The other day I saw an older man on the streetcar with pale age spots on his face. He seemed to be a regular kind of guy, looking intently out the window so that he didn’t miss his stop.  When I got home, I did a quick sketch and then finished the portrait by digitally colouring it. I couldn’t remember his eyes or his mouth, or really anything about him except that he was balding and had age spots. And maybe a nose that was a little bulbous at the end.  I was working quickly and intuitively.
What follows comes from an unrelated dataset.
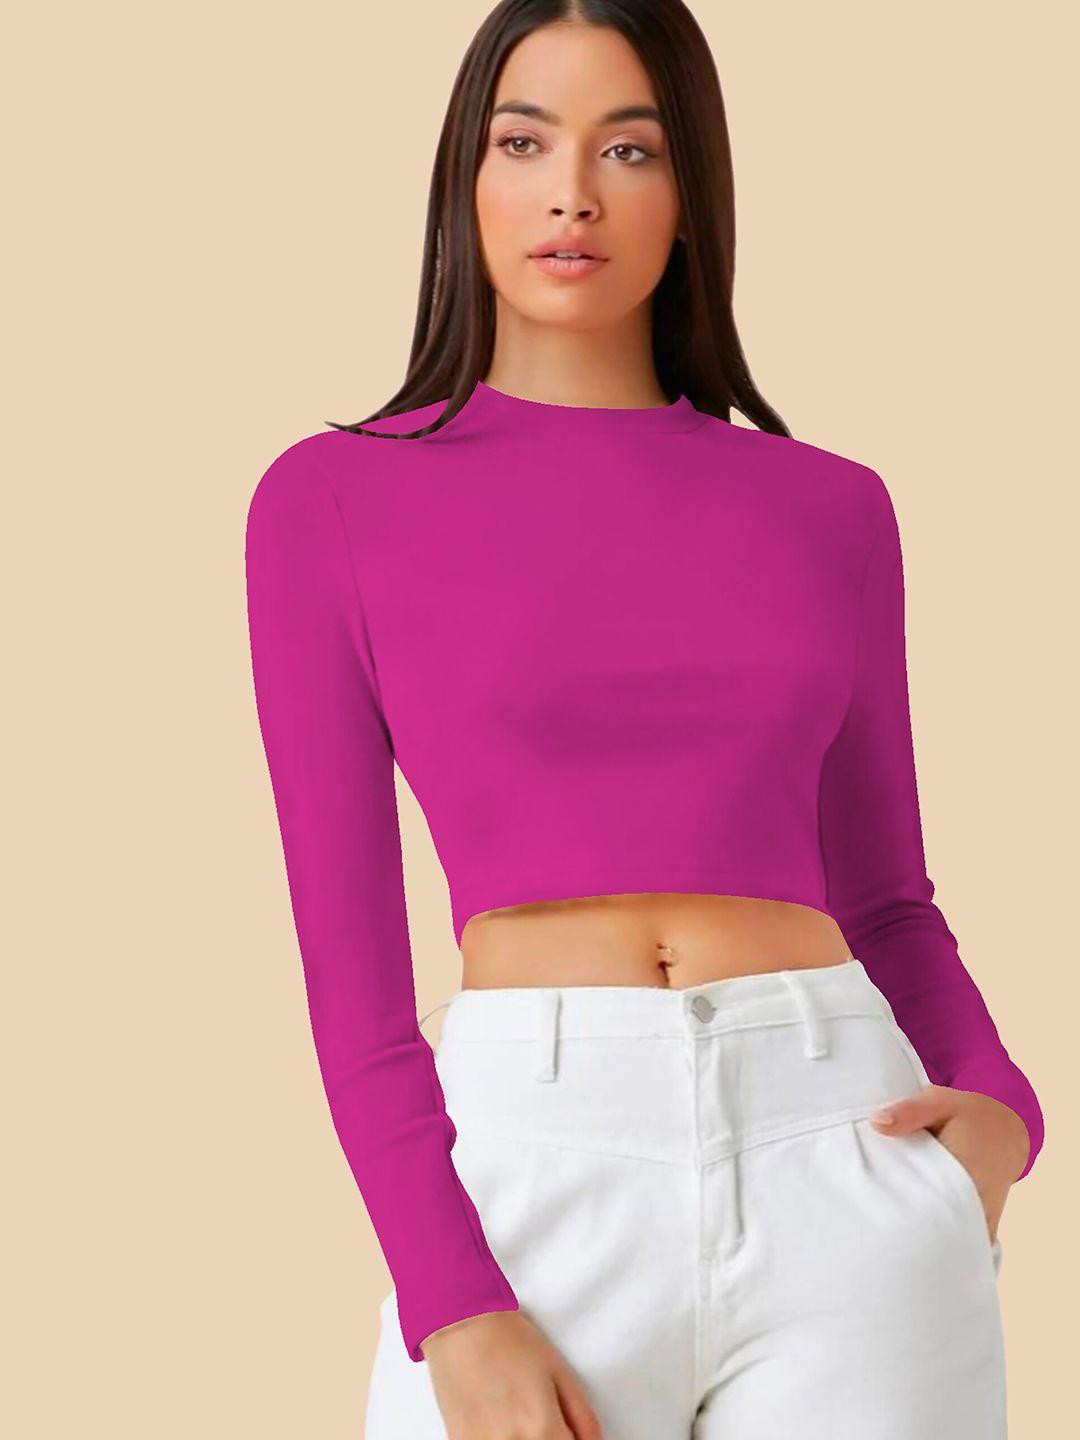 dream-beauty-fashion-round-neck-long-sleeves-fitted-crop-top

It was a surprise to see what came out – something more sinister than what I thought I saw on the streetcar. Or maybe just more damaged. Makes me wonder where images come from.  Did my subconscious sense something that wasn’t visible to the eye? Or was it my mood at the time that I worked on this (not that I remember anything unusual about it), or something in my environment – some stress, some news item – that influenced how  the portrait turned out? I don’t have answers, but since I do portraits from impressions or from my imagination (as opposed to using sitters), I might start paying a bit more attention to this.

 

9 thoughts on “ When things aren’t as I think they are ”

    1. Yes, the fictional characters just appear – or sometimes, like the man on the streetcar, I notice something – in his case, the rather large, pale age spots, and come home and draw from that starting point. I’m working on a short comic so drawing without models is handy (though it’s hard to keep characters looking the same from different angles!)